The train ride north to Ettelbruck only took about 20 minutes, followed by a 40 minute local bus to Vianden. This was tricky as I wasn’t sure where to alight, and I kept nodding off from lack of sleep. Finally we came to the town and I hopped out, exhausted by now that I’d been sitting for a while and needed sleep, checked my directions on the Kindle and noted that the hostel was ‘next to the Castle’. I looked up.
Before me lay a beautiful medieval town, with small houses and pubs and restaurants all nestled alongside the River Our. On the other side of the river, a single road ran up the hill, with pubs either side. Up, and up, and up. Above that, among the trees, stood the castle. I sighed, and began the walk up.
Vianden Youth Hostel was actually pretty good, and although I’d been put in a 12 bed dorm, there was nobody else there, which bode well for a good night’s sleep. I was still hopeful for some Judd mat gaardebounen, so after some directions from the receptionist to the only pub that served it in town, I walked all the way back down to the town to the Victor Hugo Pub.

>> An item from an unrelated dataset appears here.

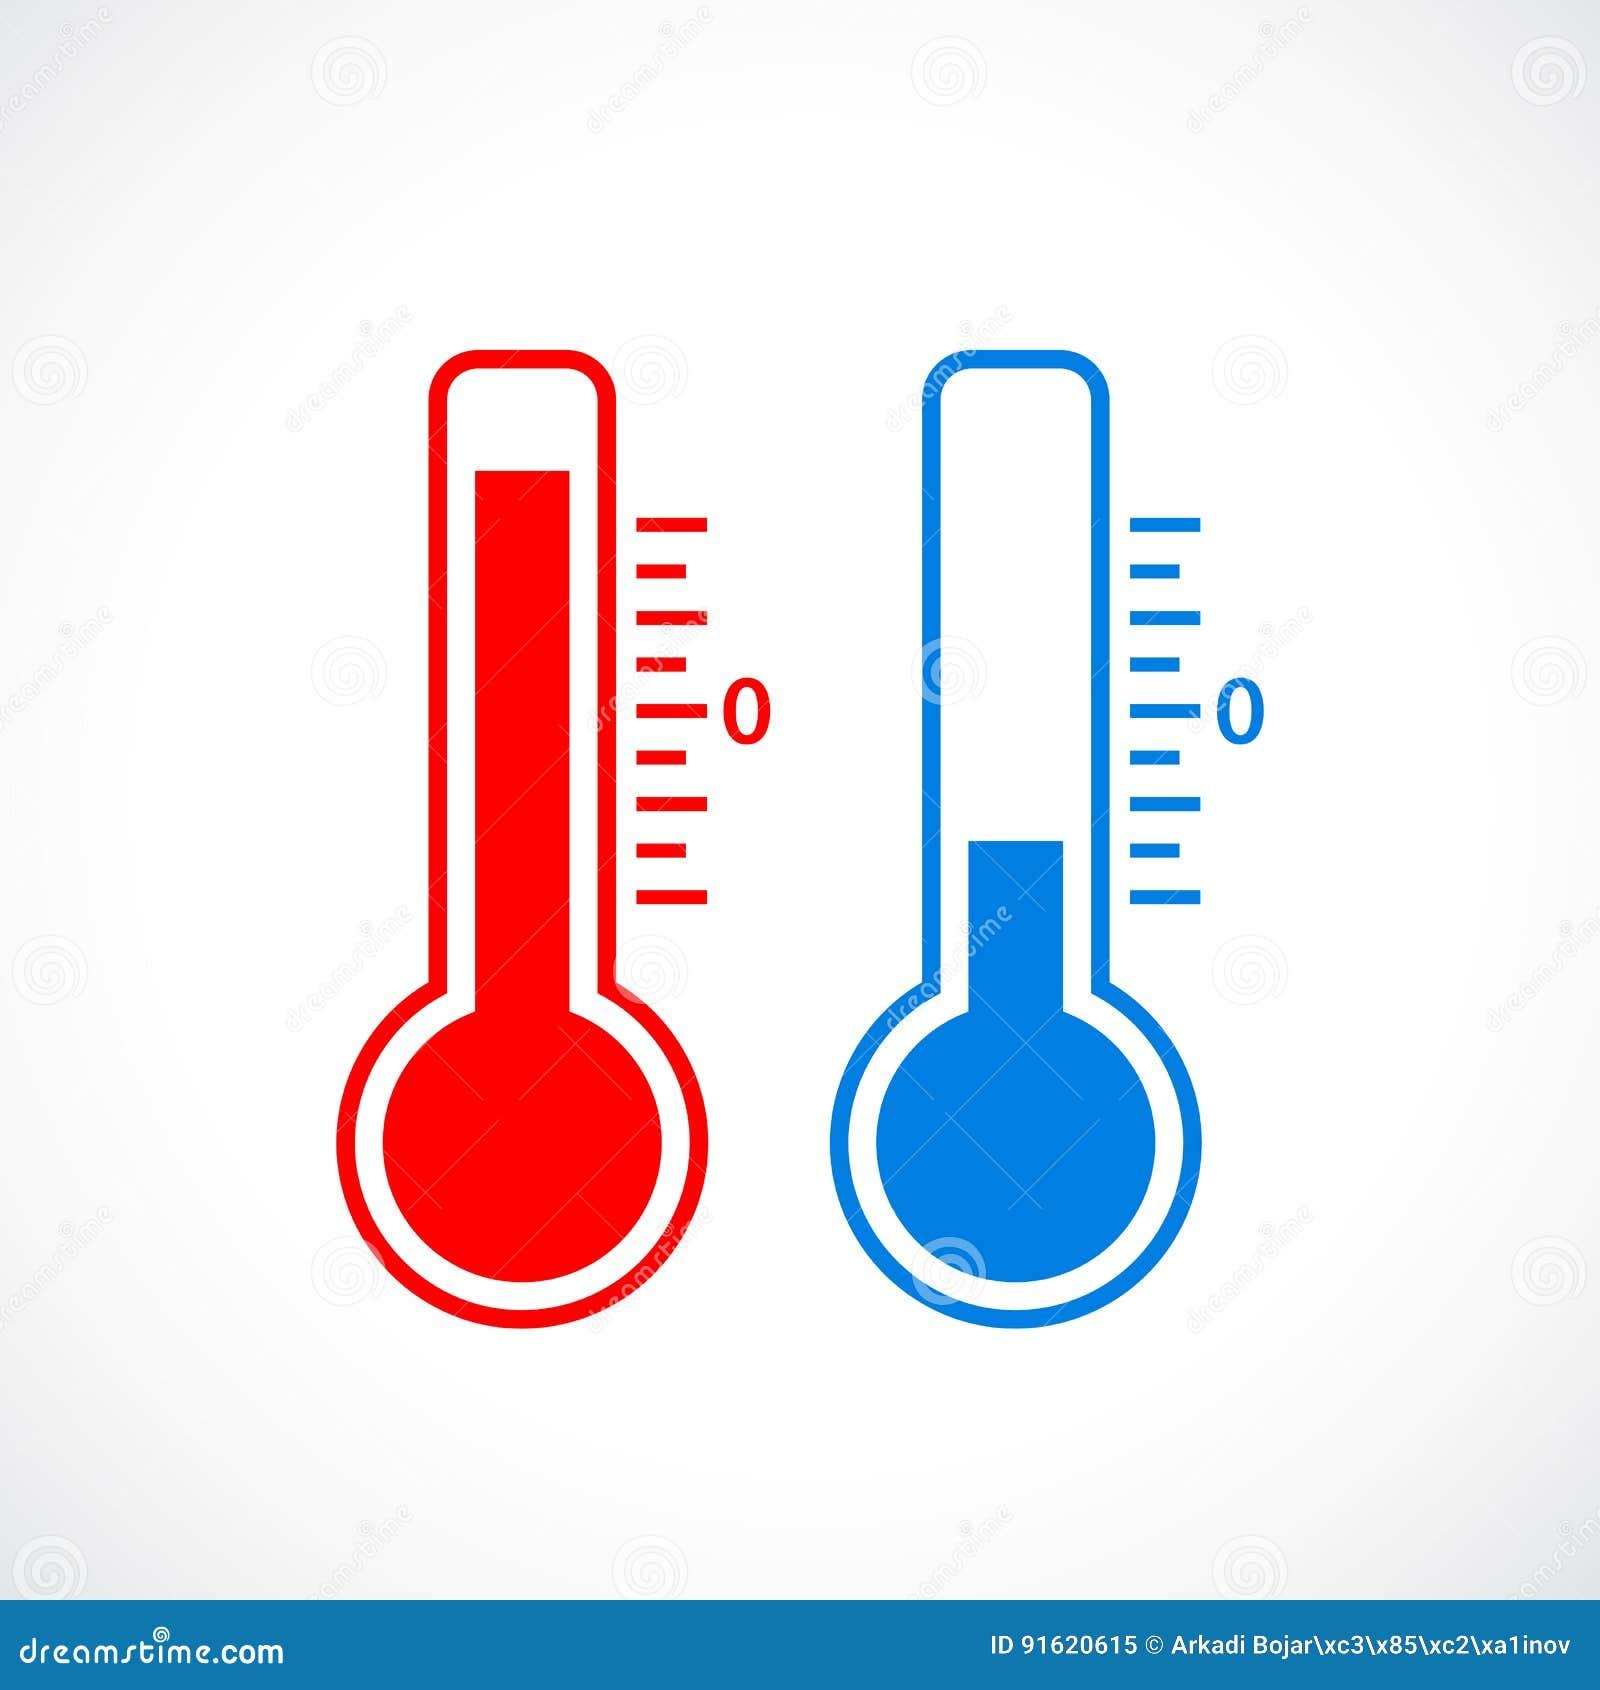 Icone Do Termometro Do Tempo Quente E Frio Ilustracao Do Vetor Ilustracao De Termometro Frio 91620615 Un termómetro es un instrumento utilizado para medir la temperatura con un alto nivel de exactitud. dreamstime

Mildly bemused at my attempt to pronounce the dish, it soon arrived, and clearly the German influence showed through as there was so much food it was served on two plates!
I polished off most of it, took some photos of the river and castle at night, and crawled back up the hill and to my bed, where a couple had now arrived in the dorm, and a successful day and and a half over, I slept.

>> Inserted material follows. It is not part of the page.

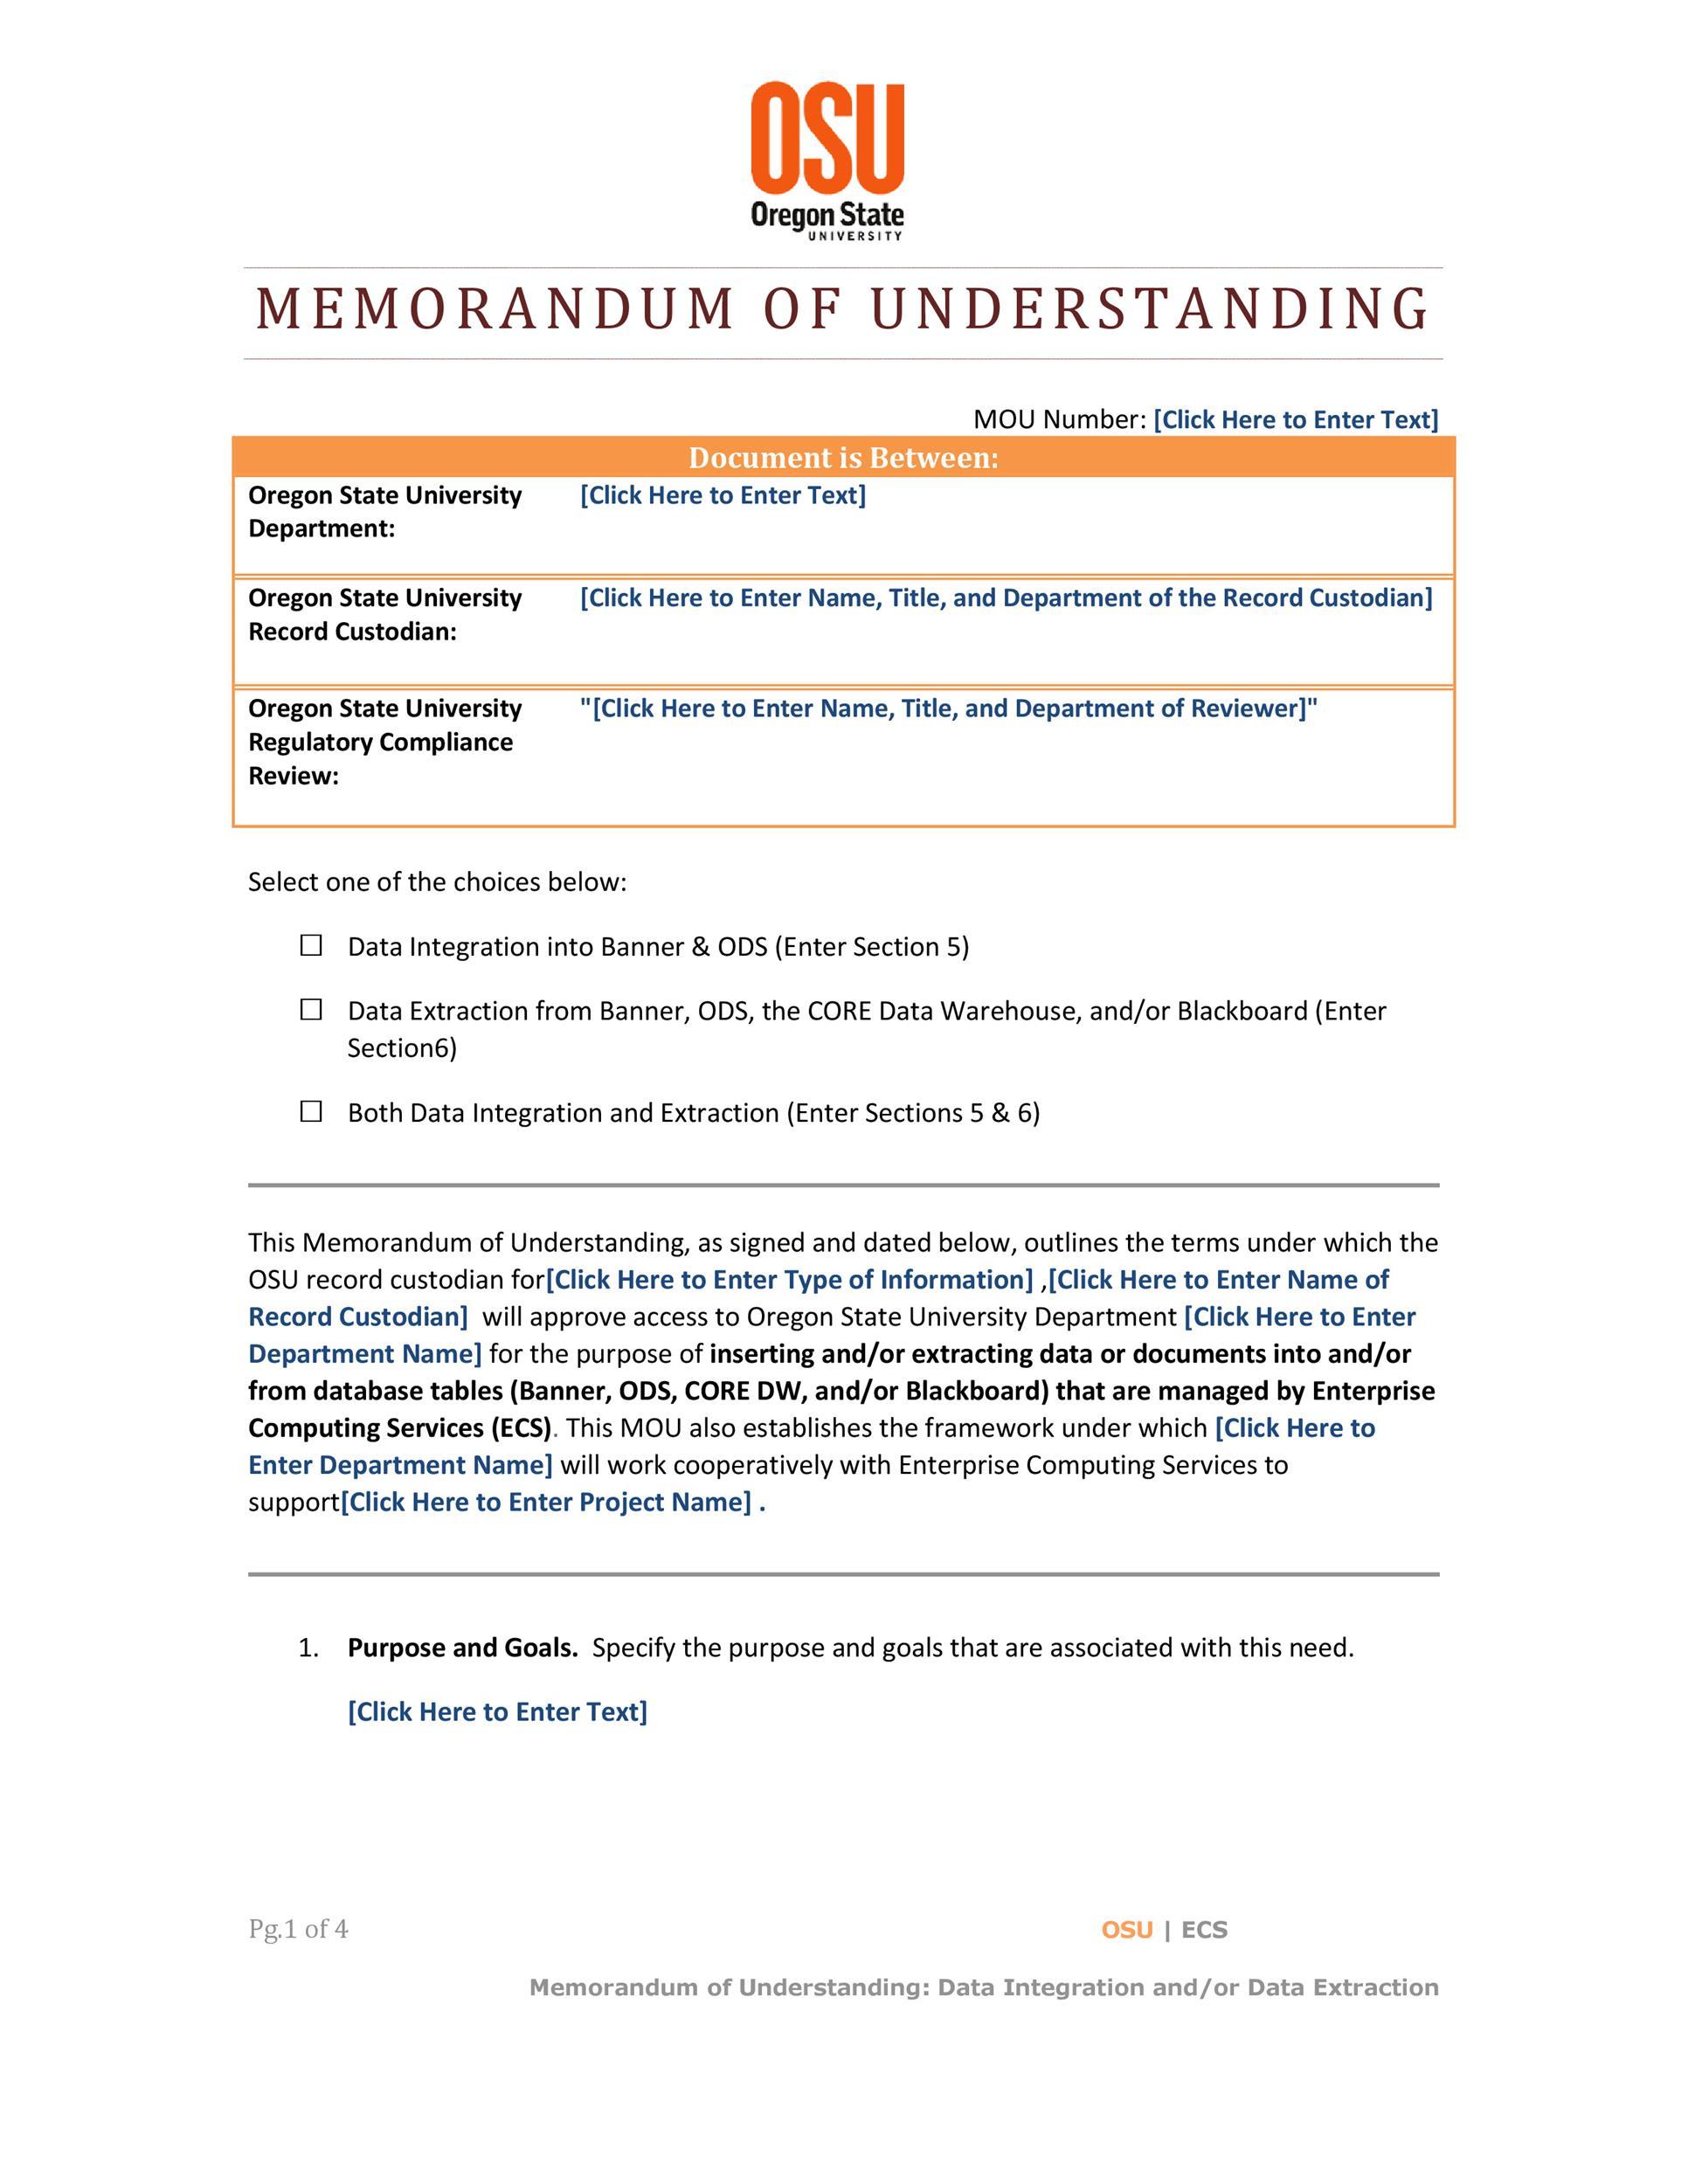 Free Memorandum of Understanding Template 22

In the morning I shared breakfast with the couple from the dorm – an Italian guy and Polish girl, who had popped over from France for the weekend. Very multi-cultural. I explained my trip would next involve a train from Luxembourg to Germany as the buses into Germany were not running on Sundays, and they offered me a ride with them to Luxembourg. We agreed to meet late morning, and I went to check out the castle.
Vianden Castle commands a fantastic view over the valley. While it’s underground several renovations, it is still pretty good to have a look around – a must anyway if you’ve walked all the way up there with your backpack. Of particular interest was a room with the genealogy of all the people who have owned the castle, with its origins dating back to the 10th century. Also interesting was considering its location in the country, the number of foreign dignitaries who have visited, as well as the films that have been made there (mental note: must watch Shadow of the Vampire now).
I met up with the others and we drove up another side hill to get a final view of the castle, before heading back to Luxembourg. It was quite nice to see the roads and various towns on the way – often the view from the train is very limited. I was dropped at the station, swapped details and I headed in to negotiate tickets.
Given the price of my ticket to Luxembourg, I’d quickly worked out buying train tickets at short notice was going to start costing me a reasonable amount. I knew roughly where I wanted to go, but not when, making advance tickets awkward. So I explained all this to the new DB Bahn rail attendant who looked very worried, but in her training was fortunately aware of the Inter-rail Flexi Global Pass, which (in my configuration) afforded me five days’ unlimited travel in the next ten, for me to decide on the day. As long as I could find a seat, I could go on any train without worrying about tickets or anything like that. Perfect.
I got that printed off and signed the documents, and ran, as I had only a few minutes before my planned train to Koblenz, and the next country of this trip – Germany.